By order of the Board

JTC (UK) Limited Company Secretary Company number: 04301763

Registered office: The Scalpel, 18th Floor 52 Lime Street London EC3M 7AF

19 December 2019

NOTES

  • (a) Any member of the Company entitled to attend and vote at the Annual General Meeting is also entitled to appoint one or more proxies to attend, speak and vote instead of that member. A member may appoint more than one proxy in relation to the Annual General Meeting provided that each proxy is appointed to exercise the rights attached to a different share or shares held by that member. A proxy may demand, or join in demanding, a poll. A proxy need not be a member of the Company but must attend the Annual General Meeting in order to represent his appointor. A member entitled to attend and vote at the Annual General Meeting may appoint the Chairman or another person as his proxy although the Chairman will not speak for the member. A member who wishes his proxy to speak for him should appoint his own choice of proxy (not the Chairman) and give instructions directly to that person. If you are not a member of the Company but you have been nominated by a member of the Company to enjoy information rights, you do not have a right to appoint any proxies under the procedures set out in these Notes. Please read Note (h) below.

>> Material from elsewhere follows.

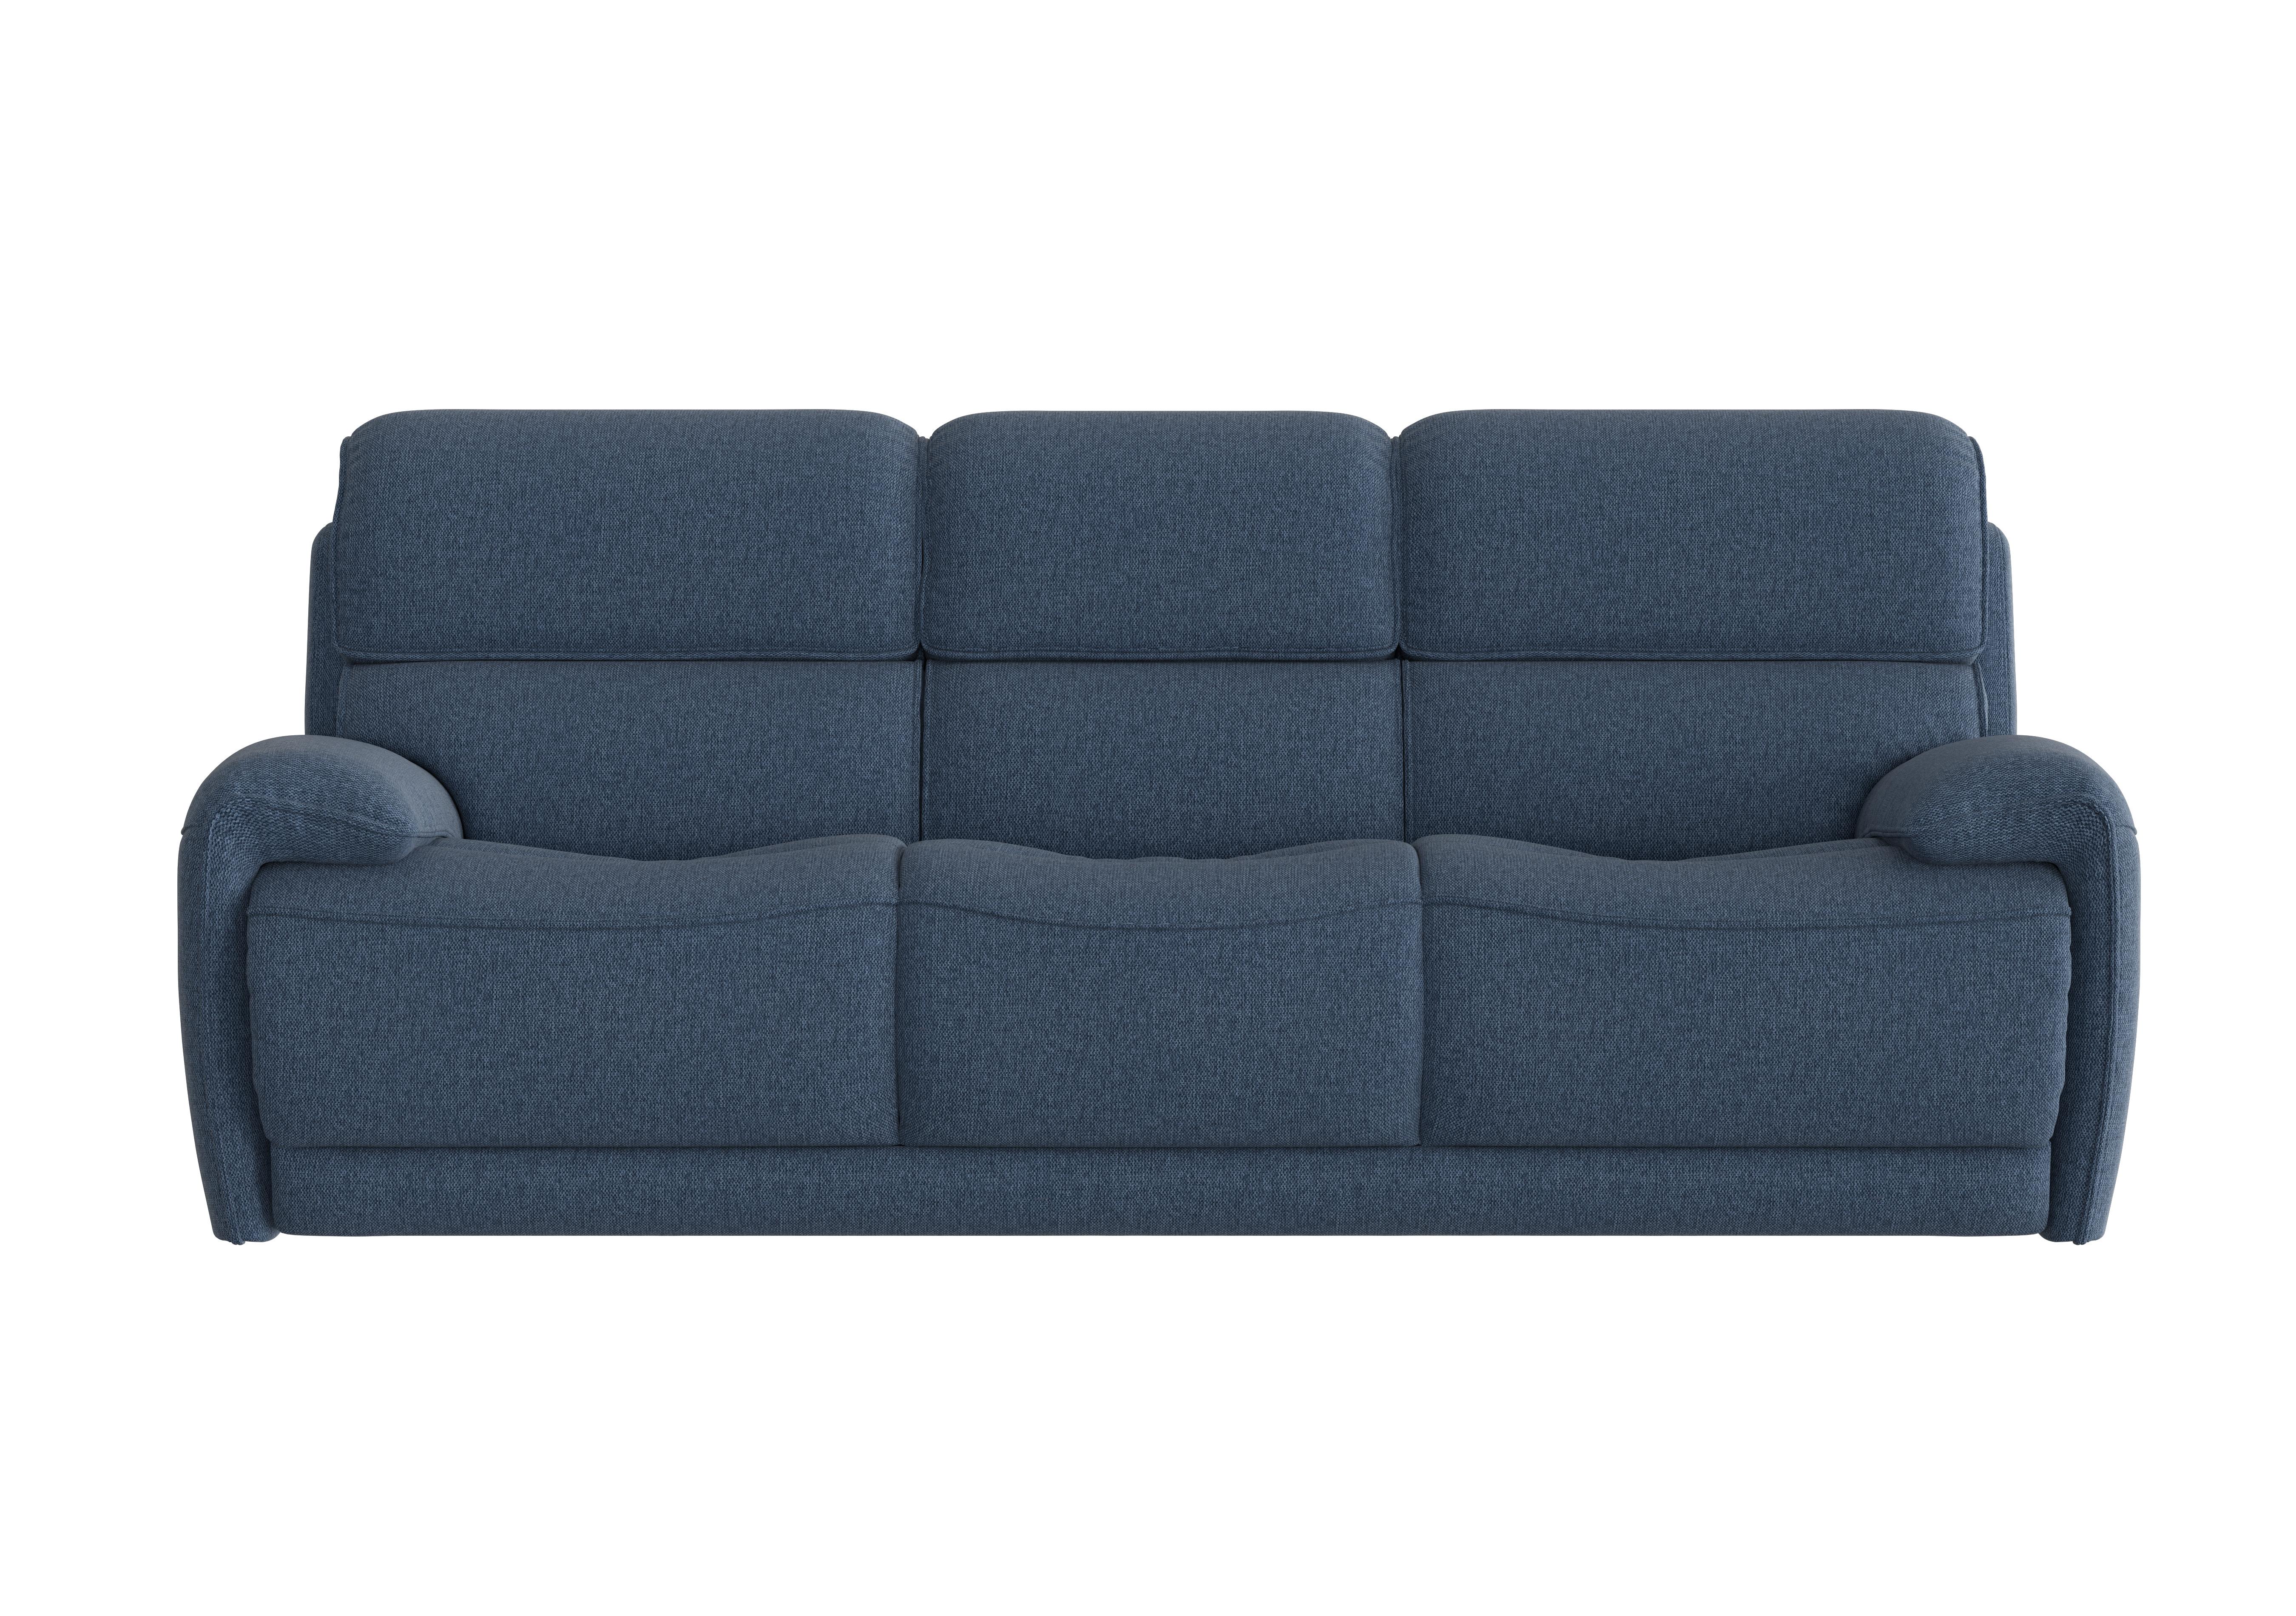 Link 3 Seater Fabric Sofa in Fab-Blt-R38 Blue on Furniture Village

Under section 319A of the Act, the Company must answer any question a member asks relating to the business being dealt with at the Annual General Meeting unless:
  • answering the question would interfere unduly with the preparation for the Annual General Meeting or involve the disclosure of confidential information;
  • the answer has already been given on a website in the form of an answer to a question; or
  • it is undesirable in the interests of the Company or the good order of the Annual General Meeting that the question be answered.
  • (b) To be valid, a Form of Proxy and the Power of Attorney or other written authority, if any, under which it is signed or an office or notarially certified copy or a copy certified in accordance with the Powers of Attorney Act 1971 of such power and written authority, must be delivered to the Company's registrars Link Asset Services at PXS 1, 34 Beckenham Road, Beckenham, Kent BR3 4ZF, not less than 48 hours (excluding weekends and public holidays) before the time appointed for holding the Annual General Meeting or adjourned meeting at which the person named in the Form of Proxy proposes to vote. In the case of a poll taken more than 48 hours (excluding weekends and public holidays) after it is demanded, the document(s) must be delivered as aforesaid not less than 24 hours (excluding weekends and public holidays) before the time appointed for taking the poll, or where the poll is taken not more than 48 hours (excluding weekends and public holidays) after it was demanded, be delivered at the meeting at which the demand is made.
  • In order to revoke a proxy instruction a member will need to inform the Company by sending a signed hard copy notice clearly stating the intention to revoke the proxy appointment to the Company's registrars, Link Asset Services, PXS 1, 34 Beckenham Road, Beckenham, Kent BR3 4ZF. In the case of a member which is a company, the revocation notice must be executed under its common seal or signed on its behalf by an officer of the company or an attorney for the company. Any power of attorney or any other authority under which the revocation notice is signed (or a duly certified copy of such power or authority) must be included with the revocation notice.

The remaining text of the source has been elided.